Centralised rate limiting via Redis INCR

A Redis counter per user, shared across all connection servers, enforces the rate limit correctly regardless of which server the user is on or how many times they reconnect.


The solution#

Every connection server, before forwarding a message, increments a shared Redis counter for that user:

Key:   rate:<user_id>
Value: message count in current second
TTL:   1 second (auto-resets every second)
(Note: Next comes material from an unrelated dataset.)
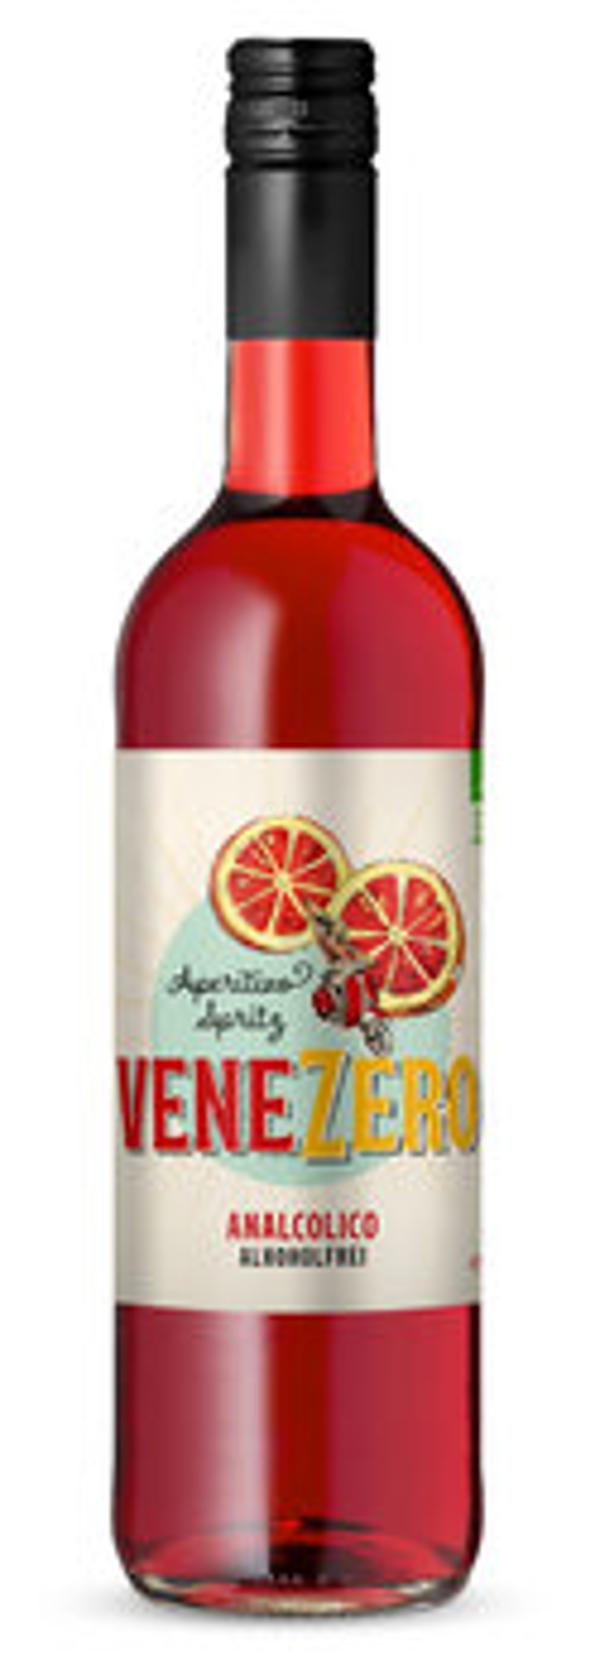 Produktfoto zu Venezero Aperitivo Spritz, Alkoholfrei

The flow on every incoming message:

Alice sends a message
→ Connection server: INCR rate:user_alice
→ If result > 10: reject message
→ If result ≤ 10: forward message to app server

On the first message of a new second, the key doesn't exist — Redis creates it with value 1 and sets TTL to 1 second. At the end of the second, the key expires automatically. The counter resets with no cleanup needed.


Why INCR is the right operation#

Redis INCR is atomic. Two connection servers can INCR the same key simultaneously and Redis guarantees they each get a unique, correct result. There's no race condition, no double-counting.

Server 3: INCR rate:user_alice → returns 8
Server 7: INCR rate:user_alice → returns 9   (Alice reconnected mid-second)
Server 7: INCR rate:user_alice → returns 10
Server 7: INCR rate:user_alice → returns 11 → REJECT

All servers are looking at the same counter. Reconnecting doesn't help.


Key design#

Key:    rate:<user_id>
Value:  integer (incremented per message)
TTL:    1 second
Limit:  10 messages/second for 1:1 messaging

The Redis call adds ~1ms latency per message. At 10 messages/second per user this is negligible.

Interview framing

"Rate limiting lives on the connection server. On every incoming message, we INCR a Redis key for that user with a 1-second TTL. If the count exceeds the limit, we reject the message. The atomic INCR means all 500 connection servers share one counter per user — reconnecting doesn't bypass it."